C = S0N(d1) - K(e^(-rt))N(d2)?

The K(e(-rt)) is equivalent to a risk free zero (see that it is discoutned at the risk free rate?).

In the Merton Model, the K is replaced with the Face Value of the "risky" debt, or the face value of the firm's debt. But it is still transformed into risk free debt since it is discounted at the risk free rate, to be consistent with the B-S equation....and the underlying development.

 

[Mkaim]

Hello everyone,
I had thought that I had sorted it out, but today I was reading the Merton model again but am completely lost with the difference between risky debt and risk free debt. Please can someone redefine it

Risky debt = riskfree debt-put option..

Please explain risky and risk free debt.

Thanks
Kavita

Hi Kavita,

Let me attempt. First, the price of a risk free debt, holding all else constant, will be higher than a risky debt because it has no risk. So in order to back into the risky debt, you have to incorporate the risk into the risk free debt and you do that by subtracting the put price. In other words, the bondholders are effectively writing a put on the firm because they are confident that the price of the company stock will not fall below the face value of the debt. In Sum, the written put incorporates the risk into the risk free debt and effectively lowers the risk free debt value to a risky price. This is how it makes sense to me.

Just saw Brian's response. I agree with it, and it also links your question to another important concept (Black Scholes).

 

[Kavita.bhangdia]

In other words risky debt is just face value of debt. But risk free debt is Ke(-rt) is is present value of debt which we are calling risk free debt?
Thanks
Kavita

 

[Mkaim]

Current value for both. If you want the value of the firm's debt, equity, or assets today, you should use the PV or current market value if provided.

 

[ami44]

In other words risky debt is just face value of debt. But risk free debt is Ke(-rt) is is present value of debt which we are calling risk free debt?
Thanks
Kavita

Risk free debt is the value of the debt, if no risk of default would exist. Value means present value here. In the simplest case of the debt being a zero bond with face value K it's K * exp(-r*t), where r is the risk free zero rate at maturity t.
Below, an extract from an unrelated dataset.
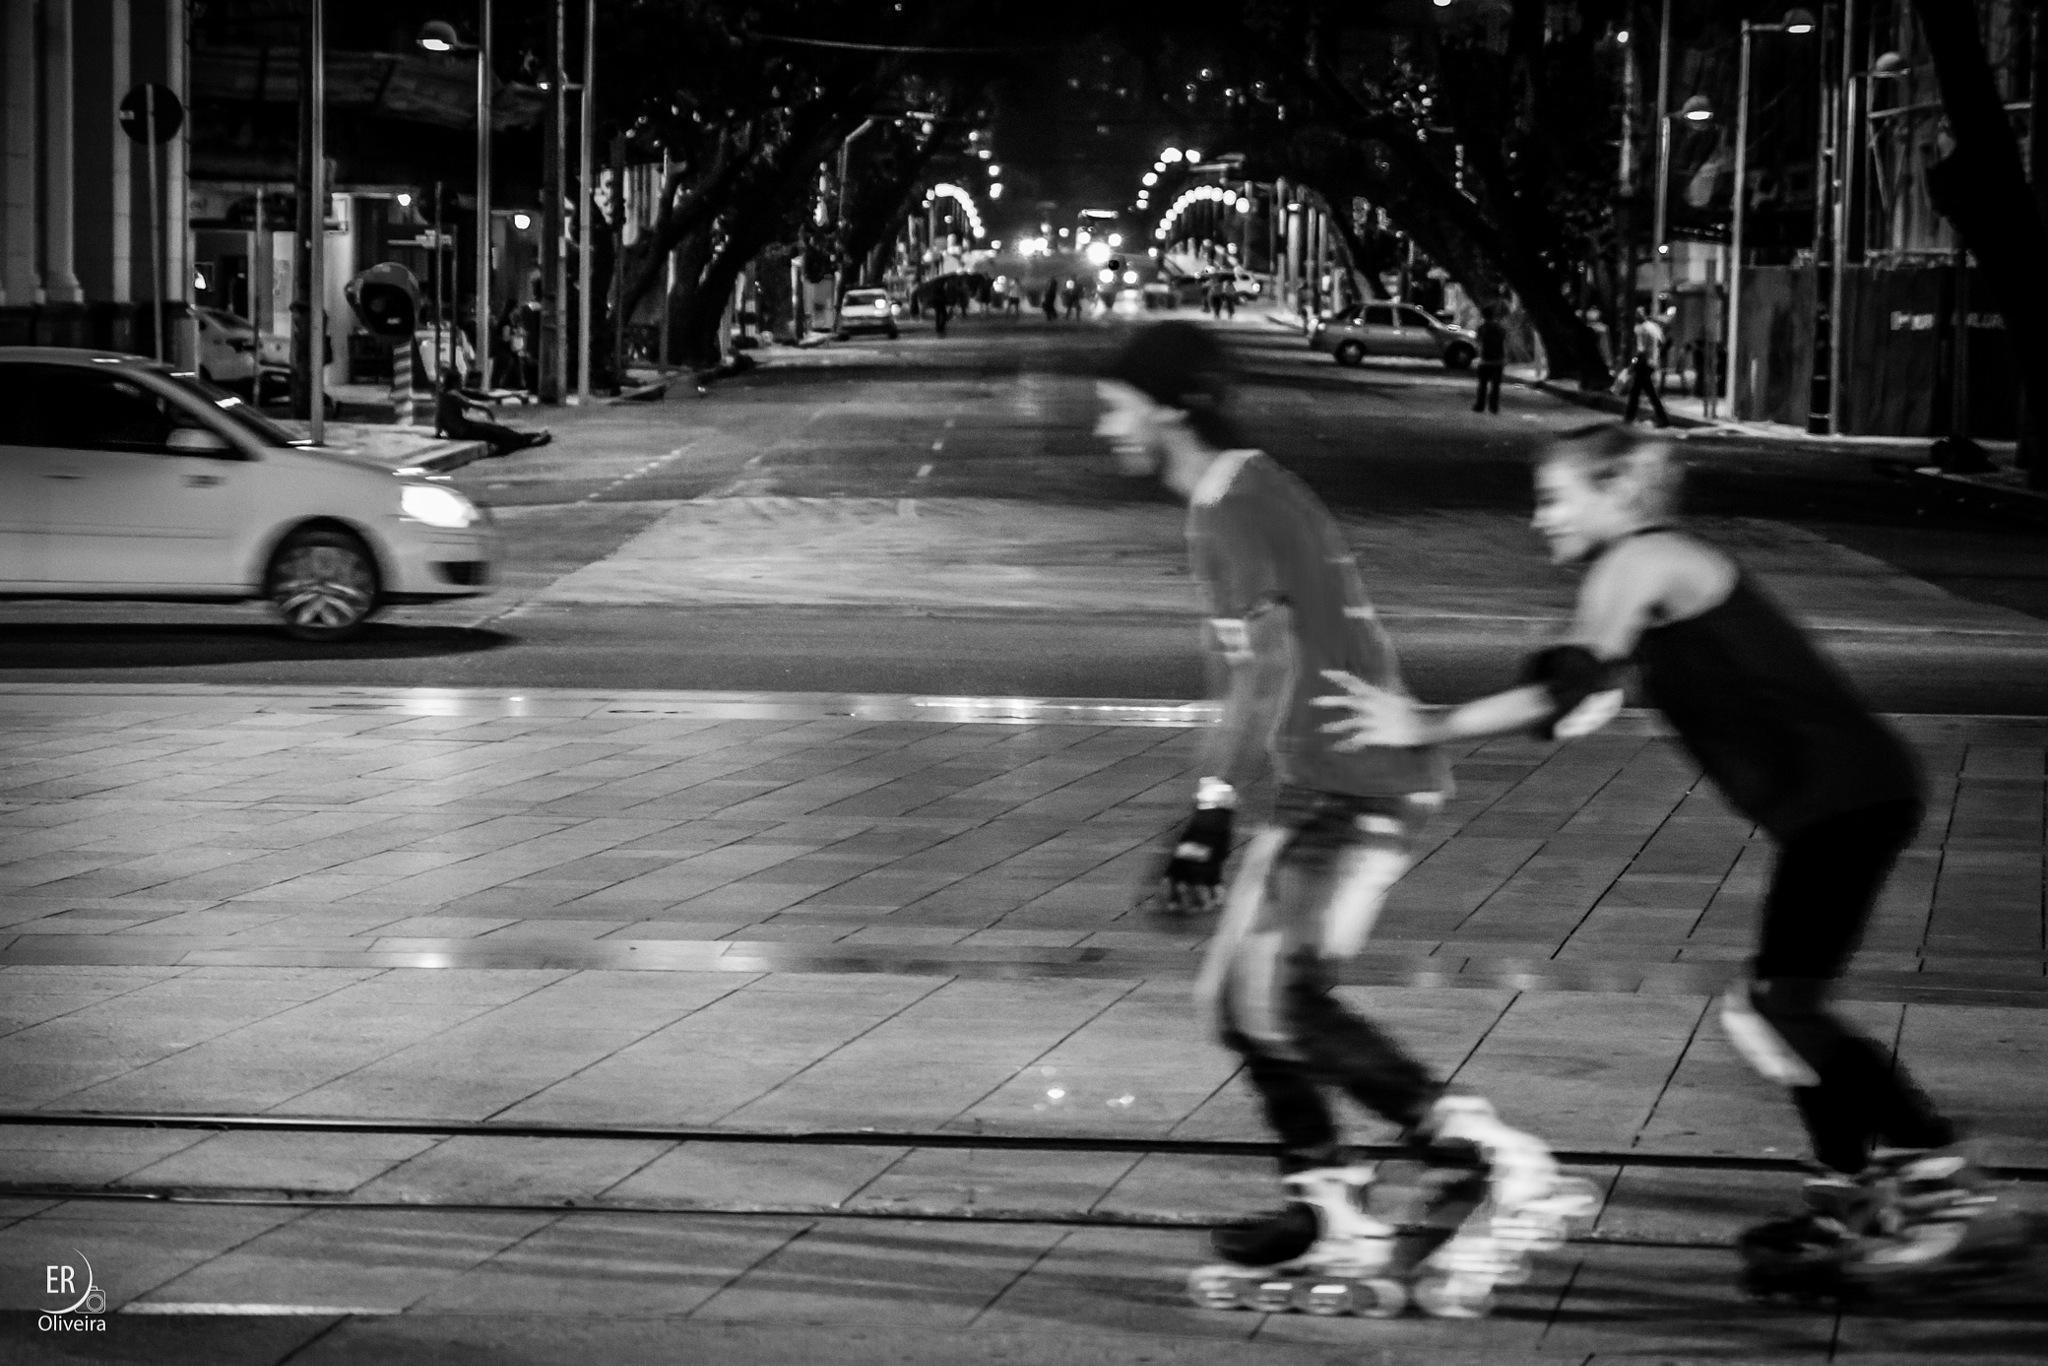 Movement by EROliveira

The value of the risky debt accounts for the possibility of default. For the investors the possibilty of default is bad, so the value of the risky debt is lower than for the risk free debt (from investors point of view).
The possibility of default can be imagined as a put issued by the investors to the company on its own stocks. If the stock falls below a certain threshold, the company does not have to pay back the investors. The value of this put can be calculated by BS. From the investors point of view the value of the risky debt is the value of the risk free debt minus the value of the put.

I hope that helped.

 

[Mkaim]

Risk free debt is the value of the debt, if no risk of default would exist. Value means present value here. In the simplest case of the debt being a zero bond with face value K it's K * exp(-r*t), where r is the risk free zero rate at maturity t.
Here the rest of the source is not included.